Un chapitre sombre de l’histoire coloniale française enfin exposé
Au moins cinq millions de personnes ont été déplacées de force à travers les océans au XIXe siècle, réduites à l’état de main-d’œuvre servile dans les plantations, usines et chantiers des empires coloniaux. L’engagisme, souvent présenté comme une alternative à l’esclavage, fut en réalité une autre forme d’exploitation brutale, particulièrement marquée à La Réunion.
La Réunion, terre d’exploitation et de résistance
Après l’abolition de l’esclavage en 1848, la France a recours massivement à l’engagisme pour répondre aux besoins de l’industrie sucrière en plein essor. La Réunion devient l’un des dix territoires mondiaux les plus dépendants de ce système, avec des conditions de travail comparables à celles de l’esclavage. Une réalité longtemps occultée, même dans les programmes scolaires.
Une exposition « d’intérêt national » pour briser le silence
L’exposition « Les engagés du sucre », reconnue par le ministère de la Culture, ouvre ses portes au musée Stella Matutina à Saint-Leu. Elle retrace cette page méconnue de l’histoire réunionnaise, mettant en lumière le rôle des travailleurs africains et asiatiques dans la construction d’une société multiculturelle. Une initiative saluée par les associations mémorielles, mais critiquée par certains cercles conservateurs.
Un héritage politique toujours d’actualité
Alors que le gouvernement Lecornu II multiplie les discours sur la mémoire coloniale, cette exposition rappelle l’urgence d’une reconnaissance officielle de ces crimes. « La France doit assumer son passé pour construire un avenir apaisé », déclare un représentant de la Fédération des DOM-TOM. Une position soutenue par la gauche, qui exige une politique plus volontariste en matière de réparation.
La mémoire coloniale, un enjeu géopolitique
Dans un contexte de tensions accrues avec les anciennes colonies, cette exposition intervient à un moment clé. La France doit-elle aller plus loin dans la reconnaissance des crimes coloniaux ? Alors que l’Allemagne et le Royaume-Uni ont engagé des démarches de réparation, Paris reste en retrait. Une attitude critiquée par les pays africains, notamment ceux du Sahel, où les relations se dégradent.
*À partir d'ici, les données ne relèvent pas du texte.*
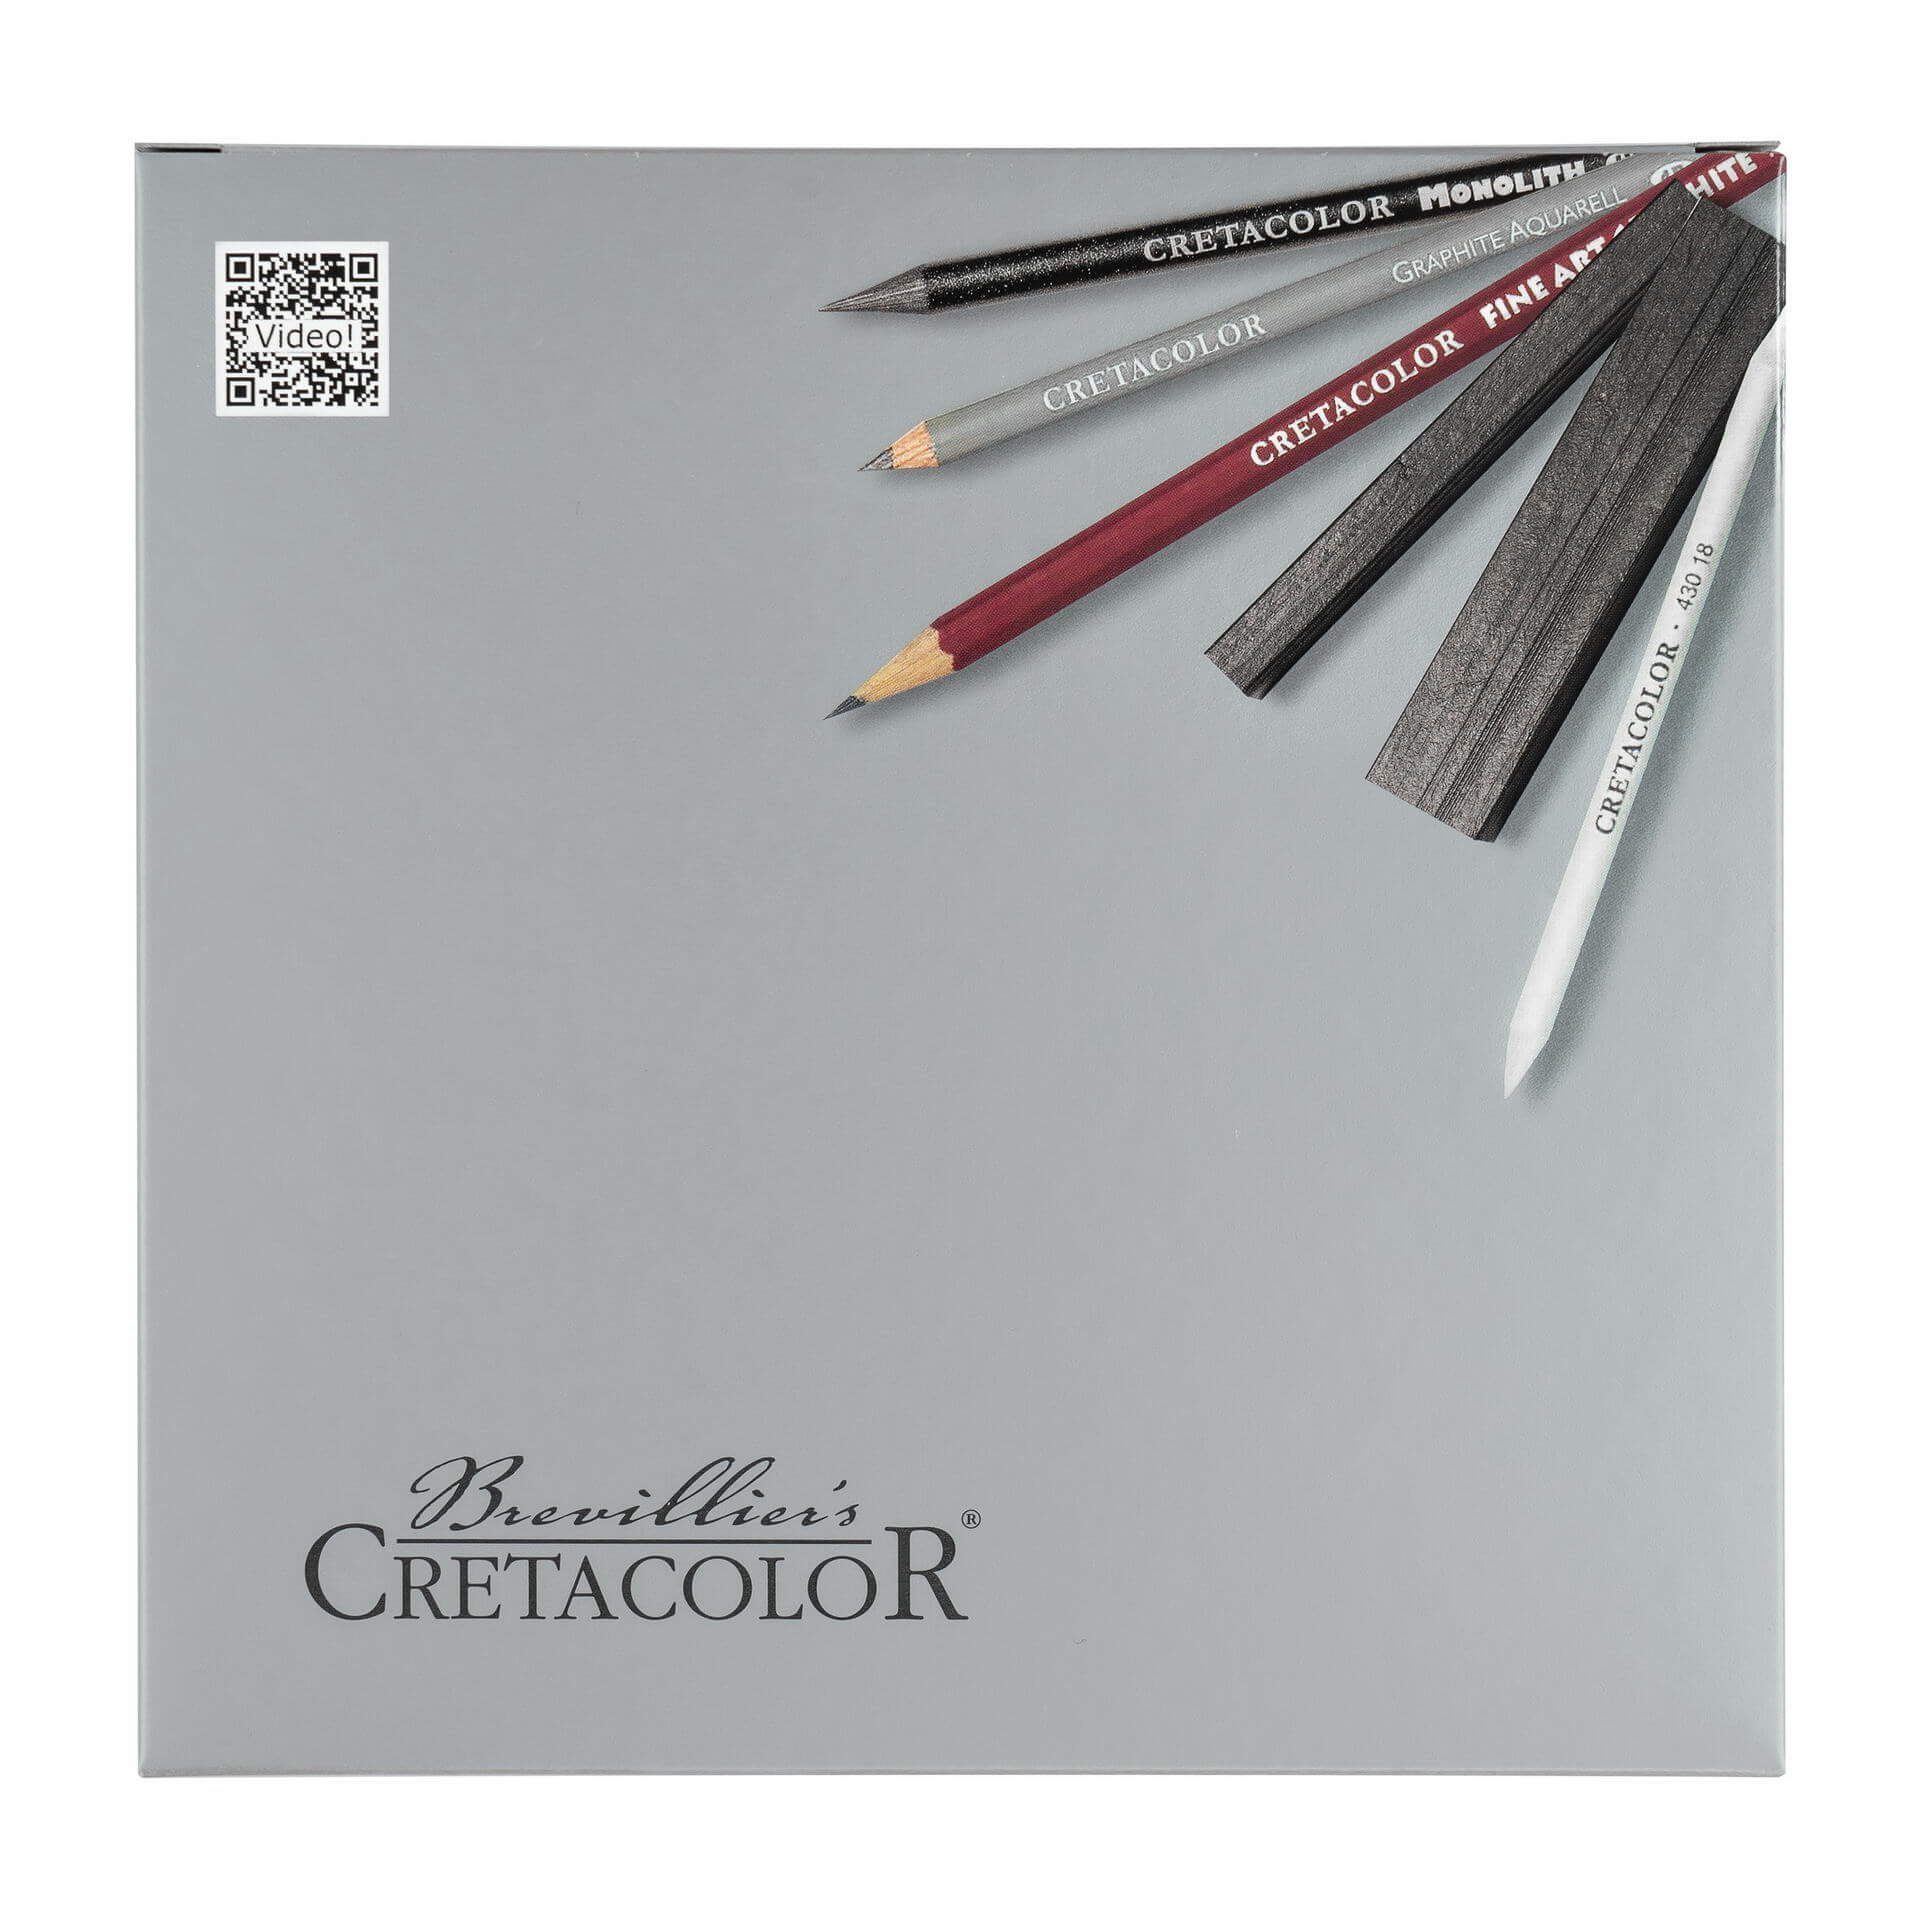 zum - in Box Ideal Skizzieren Zeichnen Bleistift Silver Brevilliers - Künstler, Graphitset Cretacolor und für Made Austria 17-teilig

Un débat qui dépasse les frontières
L’histoire des engagés résonne aussi avec les questions contemporaines de migration et d’exploitation. « Ce système rappelle les dérives actuelles du travail précaire dans les pays du Sud », souligne un expert en relations internationales. Un parallèle qui interpelle alors que l’Union européenne peine à trouver une réponse commune à la crise migratoire.